----- Data records

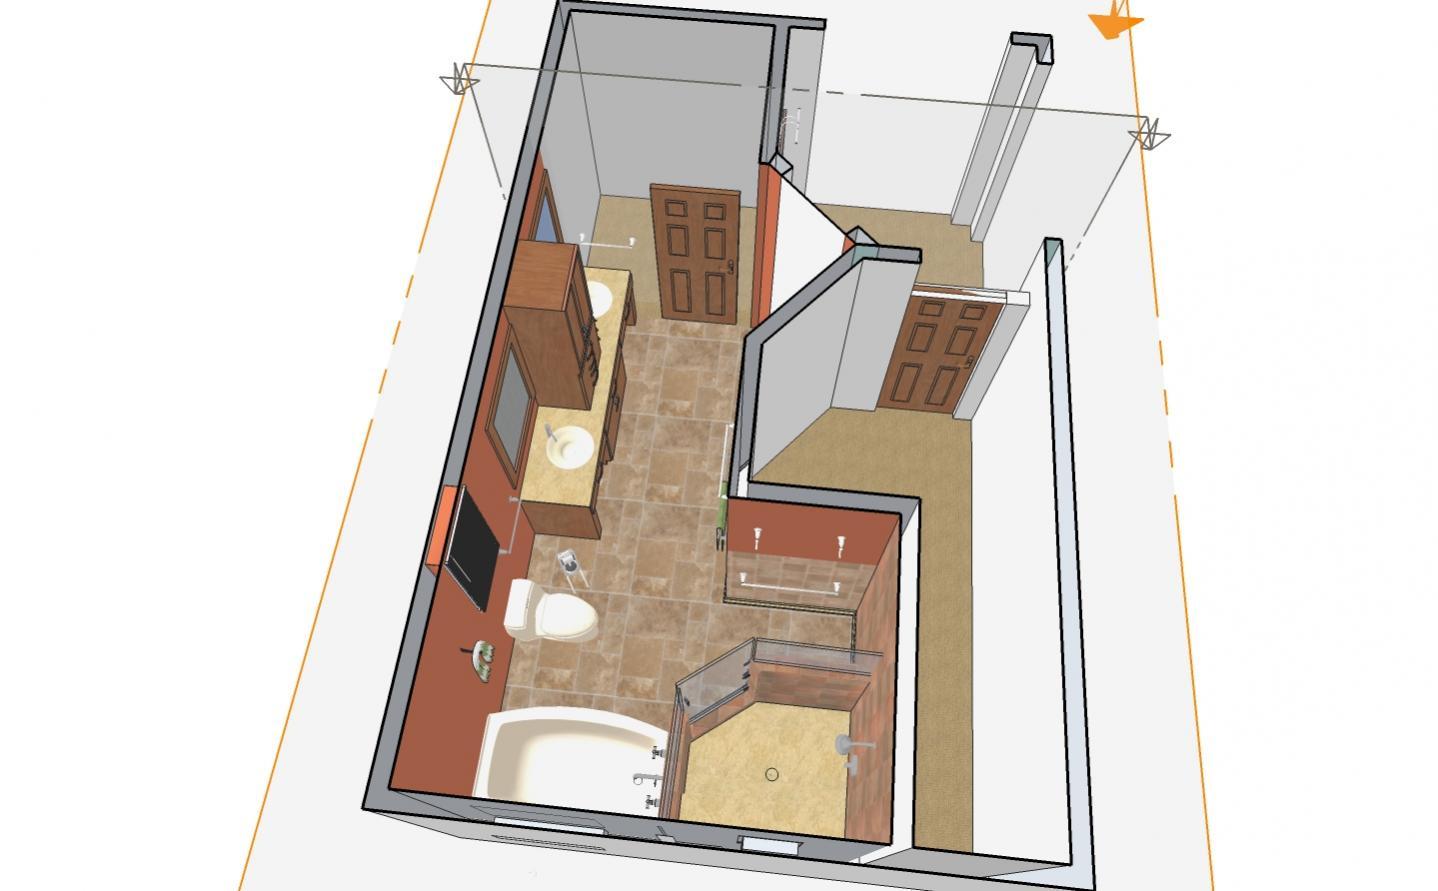 Google SketchUp Floor Plan
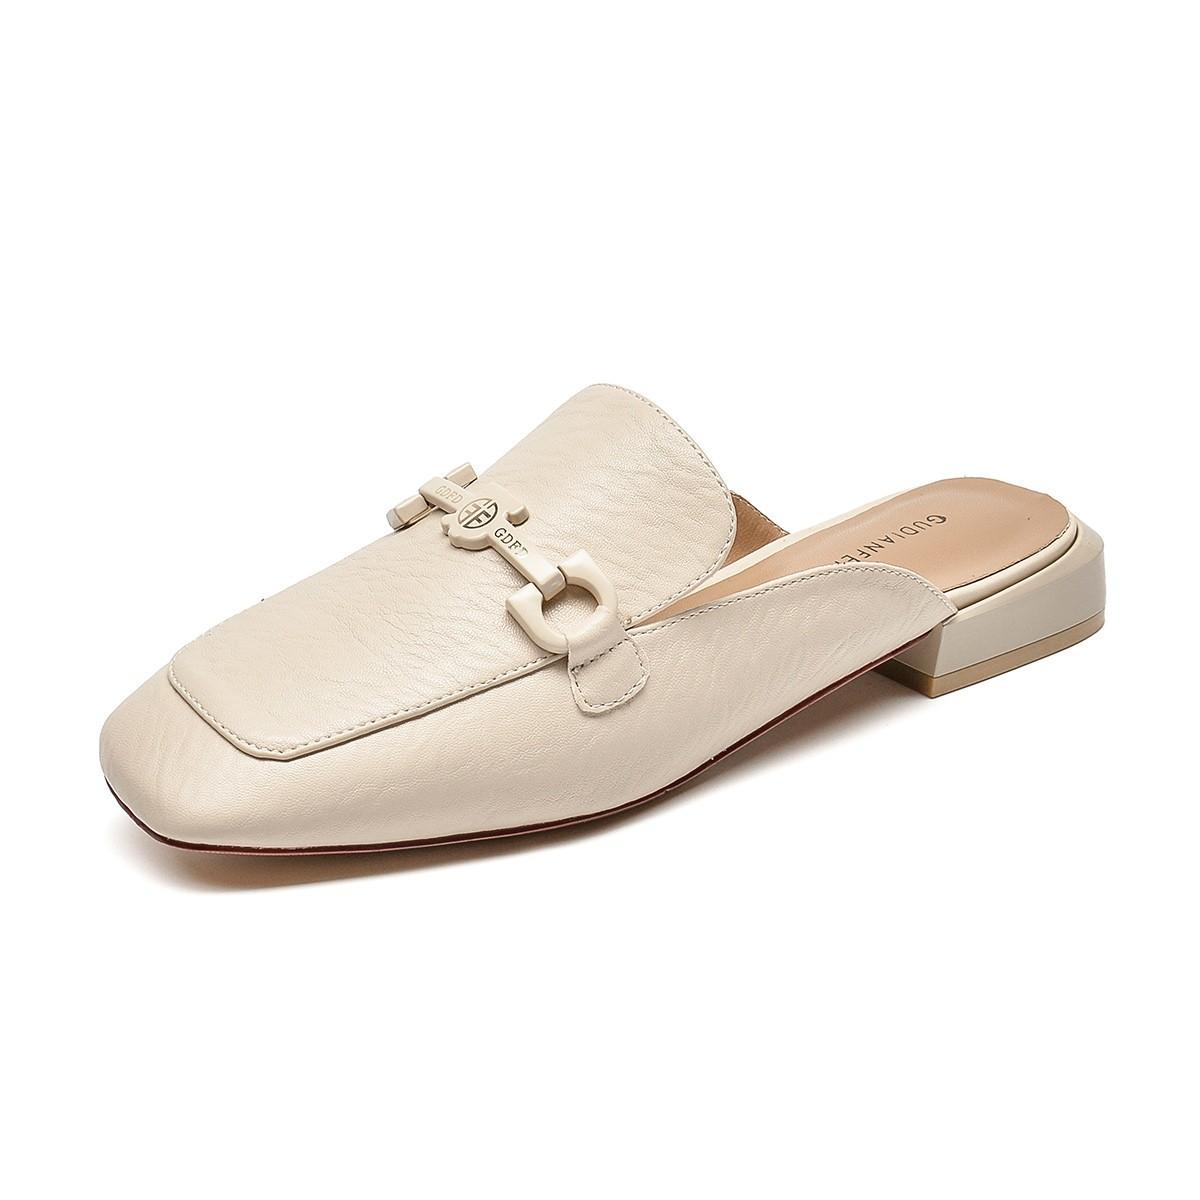 GUDIANFENDU 女士穆勒鞋 9789-6193102-03
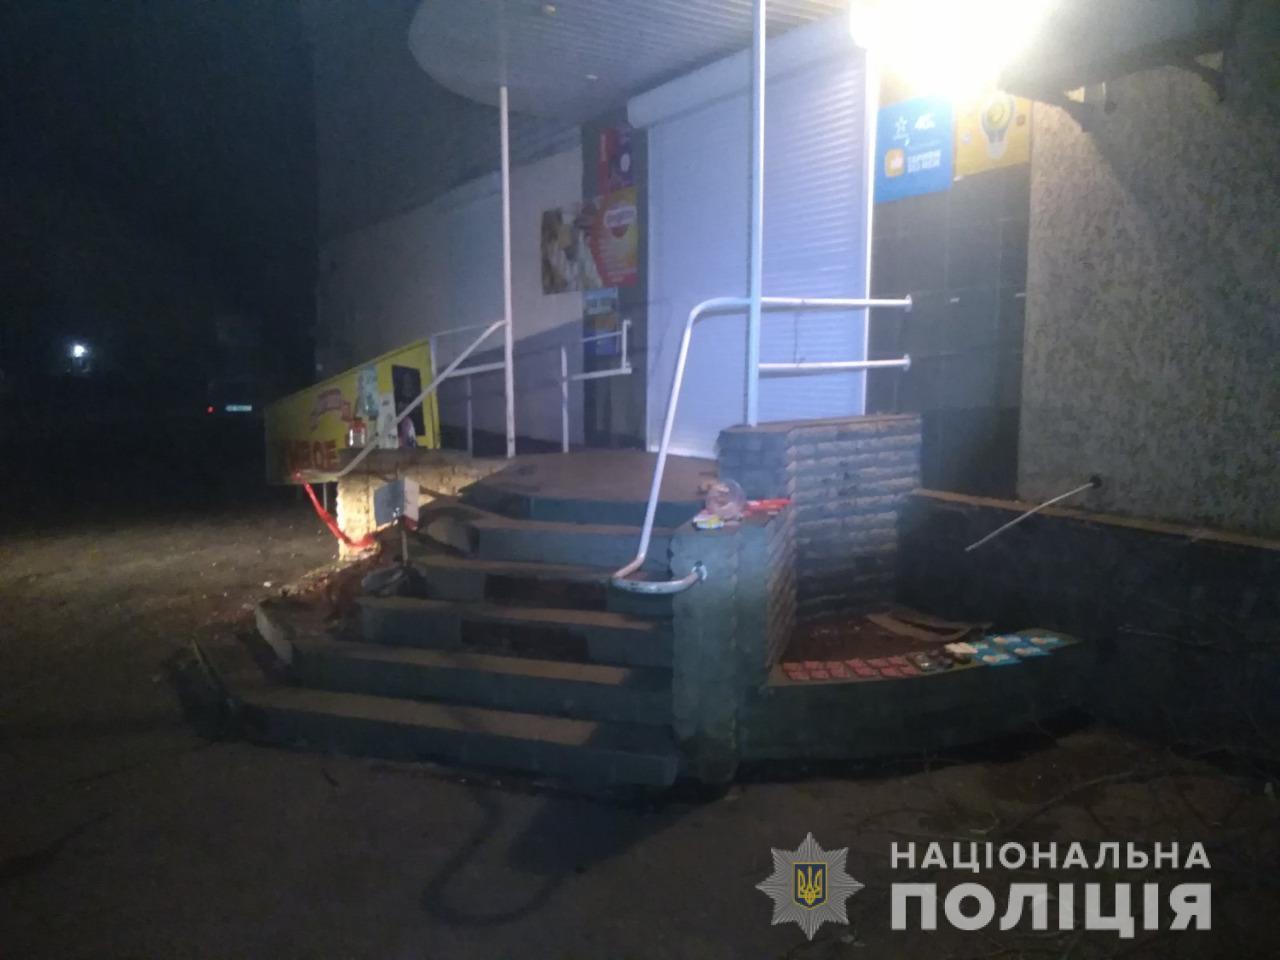 На Харьковщине три подростка украли из магазина алкоголь и карточки для пополнения счета (фото)
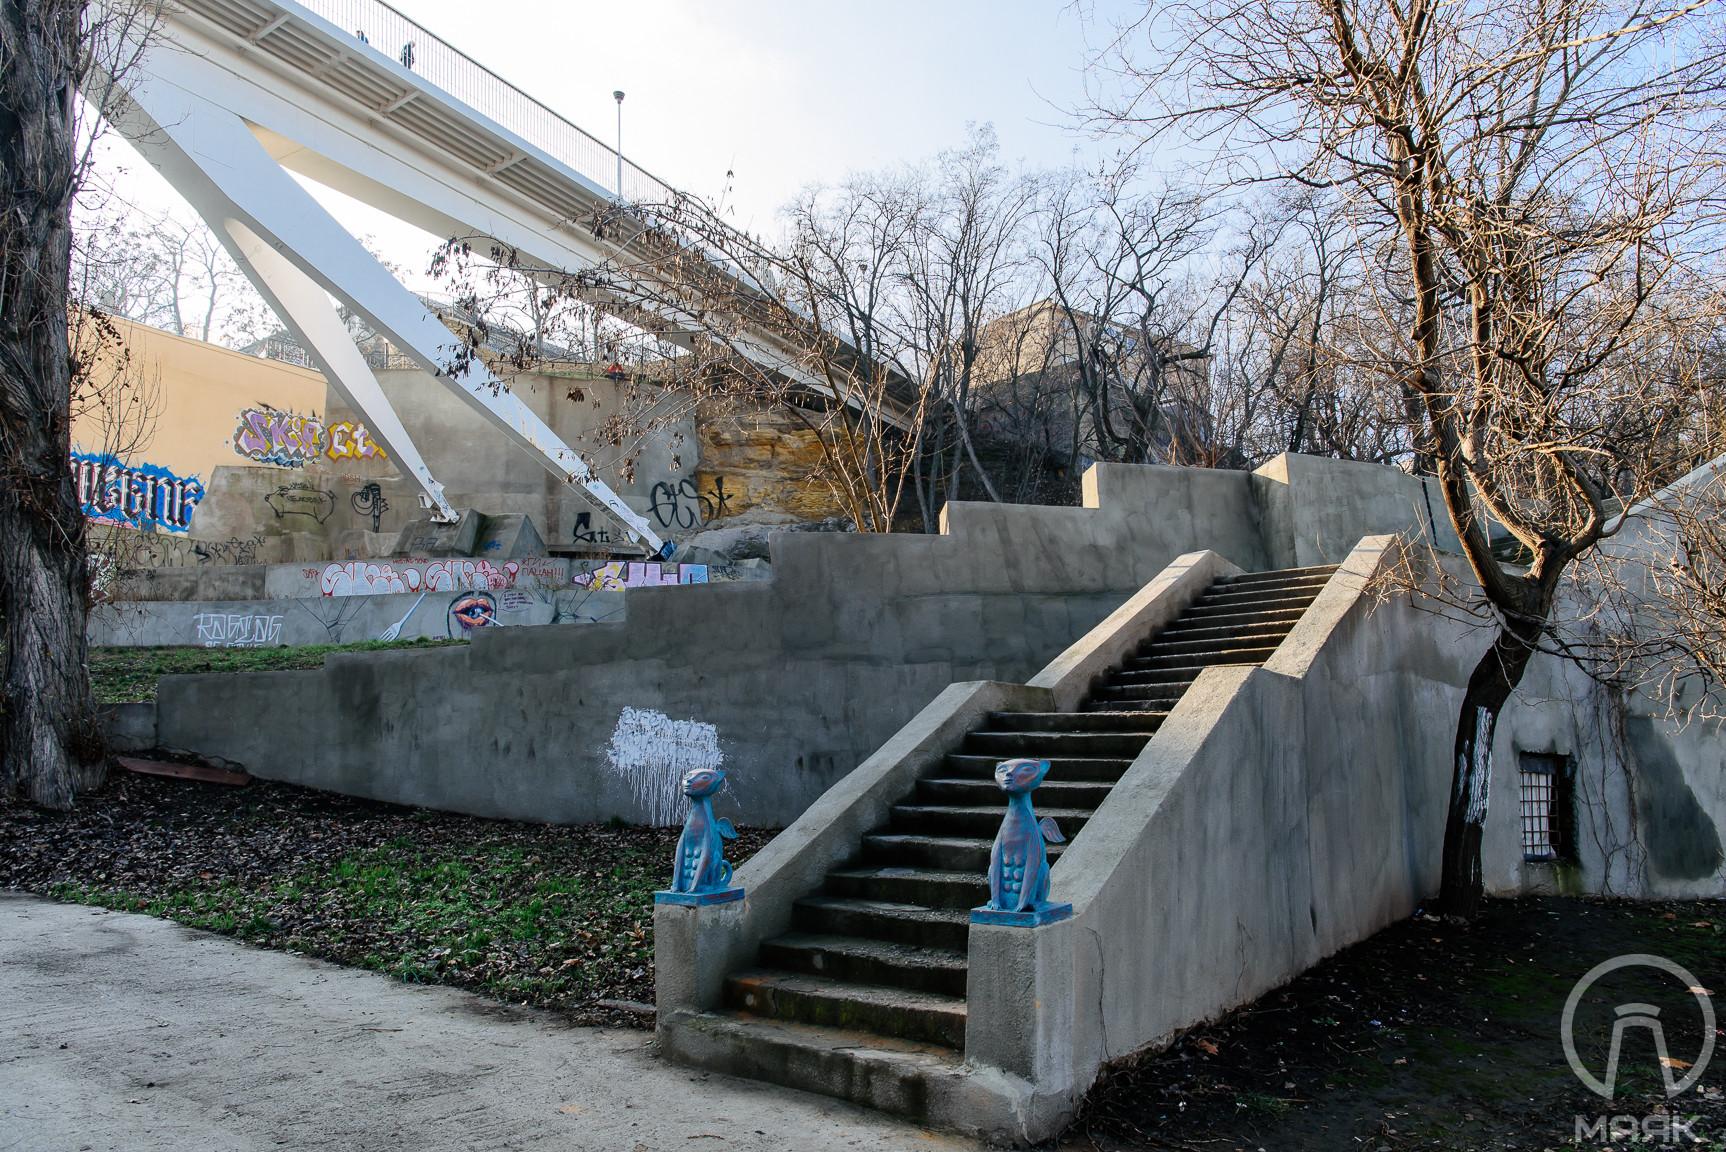 Урбанисты и архитекторы работают над созданием нового парка под Тещиным мостом, им нужна помощь горожан
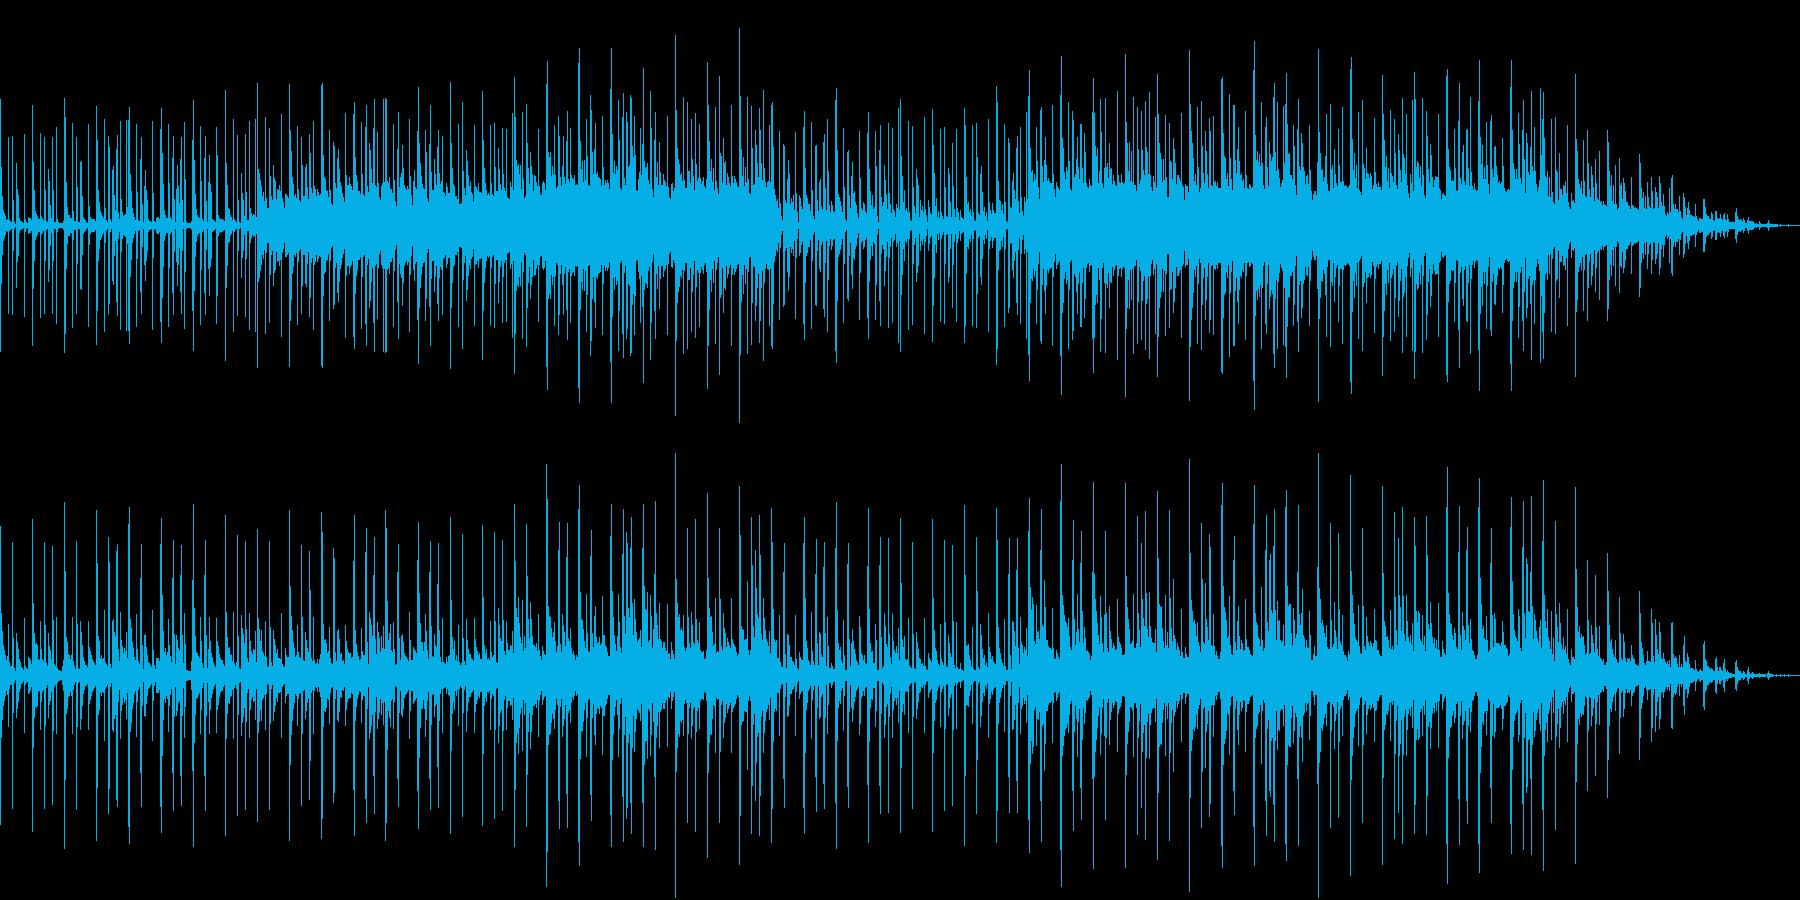 ほのぼのした雰囲気のR&B調サウンドの再生済みの波形

----------

Please retype, exactly and with the pictures left out, the lines from the line containing "Урбанисты и архитекторы" through the last line of the records above.

 Урбанисты и архитекторы работают над созданием нового парка под Тещиным мостом, им нужна помощь горожан
 ほのぼのした雰囲気のR&B調サウンドの再生済みの波形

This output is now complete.